The tuberculosis diagnostic landscape is advancing rapidly but tools to monitor treatment response are relatively neglected. Monitoring treatment response in patients with pulmonary tuberculosis provides information about patient clinical status, has the potential to predict and enable prevention of treatment failure, and also guides infection control. The tool most commonly used to monitor treatment response is sputum-smear microscopy, which relies on the patient producing good quality sputum, and is generally only useful for patients who were smear-positive at the start of treatment. DiNardo et al. report that patients who remained stool PCR positive after 2 months of therapy were 2.8 times more likely to have drug resistance or treatment failure, although sensitivity was only 44%.[6] Poor treatment response has multiple causes, but the most common is inadequate treatment of unrecognized drug-resistant tuberculosis. Therefore, rapid drug susceptibility testing should be provided to all patients at the start of treatment. Even when this policy is optimally implemented, tuberculosis treatment sometimes fails. Changes in symptoms, body weight, and microbiological indicators during treatment are poorly characterized, so when inadequate treatment is commenced, it often continues for months before incipient treatment failure is ascertained. Neither conventional tuberculosis microscopy nor PCR discriminate between live and dead tuberculosis bacilli, so these assays may have intrinsically limited reliability for predicting treatment failure, whether testing sputum or stool.[6,21] Consequently, culture is the gold standard for identifying whether treatment is killing tuberculosis bacteria in vivo. However, culture is slow, so results provide out-of-date information. Therefore, finding tools for the early prediction of treatment failure is a priority. Viability microscopy and RNA-PCR have shown promise to monitor treatment response within 2 weeks of treatment initiation with same-day results, and the former can be used in microscopy centers with infrastructure that is already widely available.[22,23] The novel technique for nucleic acid concentration that has been adapted from soil processing as evaluated by DiNardo et al may have important potential for more accurately assessing tuberculosis treatment response if it can be adapted to concentrate RNA from stool samples.[23]

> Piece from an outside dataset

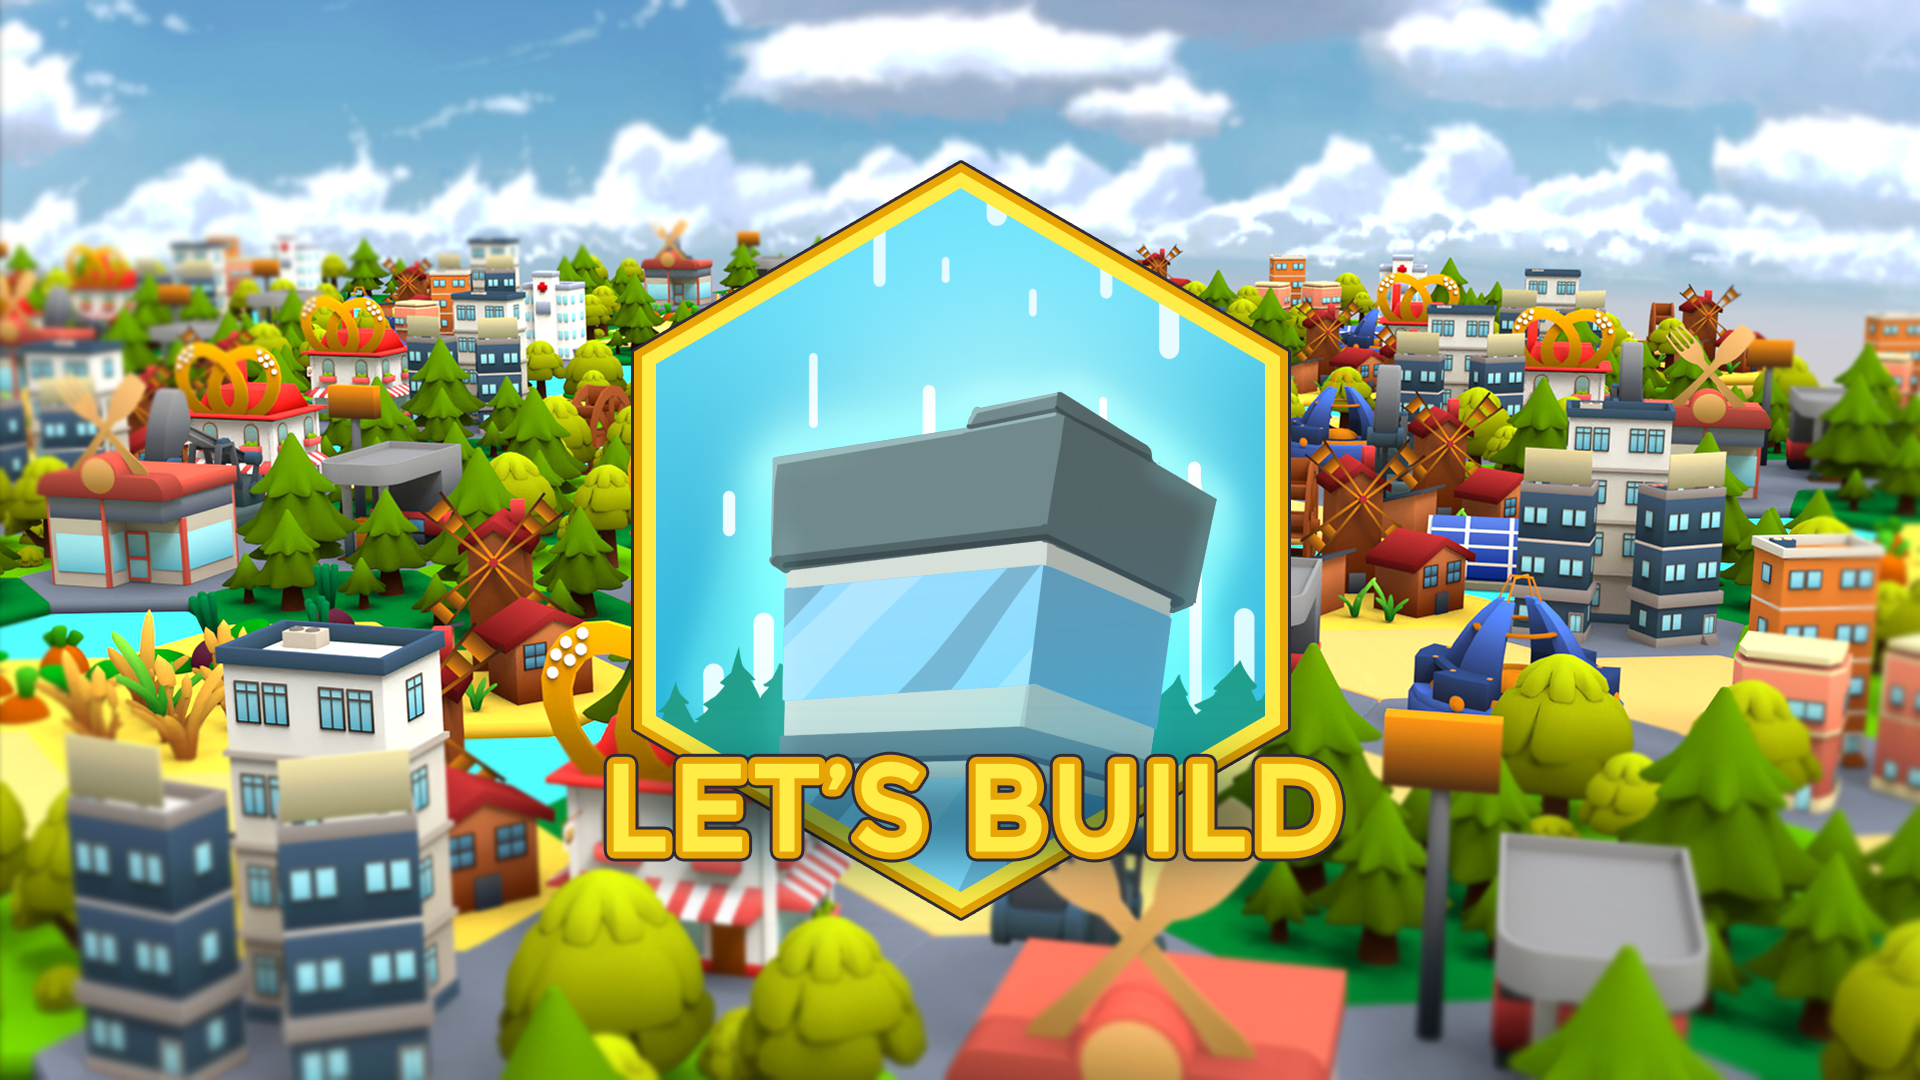 Let's Build

In addition to its potential for predicting treatment failure, the improved sensitivity of stool PCR reported by DiNardo et al. has the potential to increase the laboratory confirmation of tuberculosis. This should decrease the number of cases with empirical treatment, increase the proportion of patients with tuberculosis who receive prompt and appropriate therapy, prevent people with other diagnoses receiving unnecessary tuberculosis therapy instead of the specific treatment that they actually need, and reduce the risk of inadvertent mistreatment of drug-resistant tuberculosis causing selection of drug resistance, treatment failure, death, and spread of tuberculosis to others.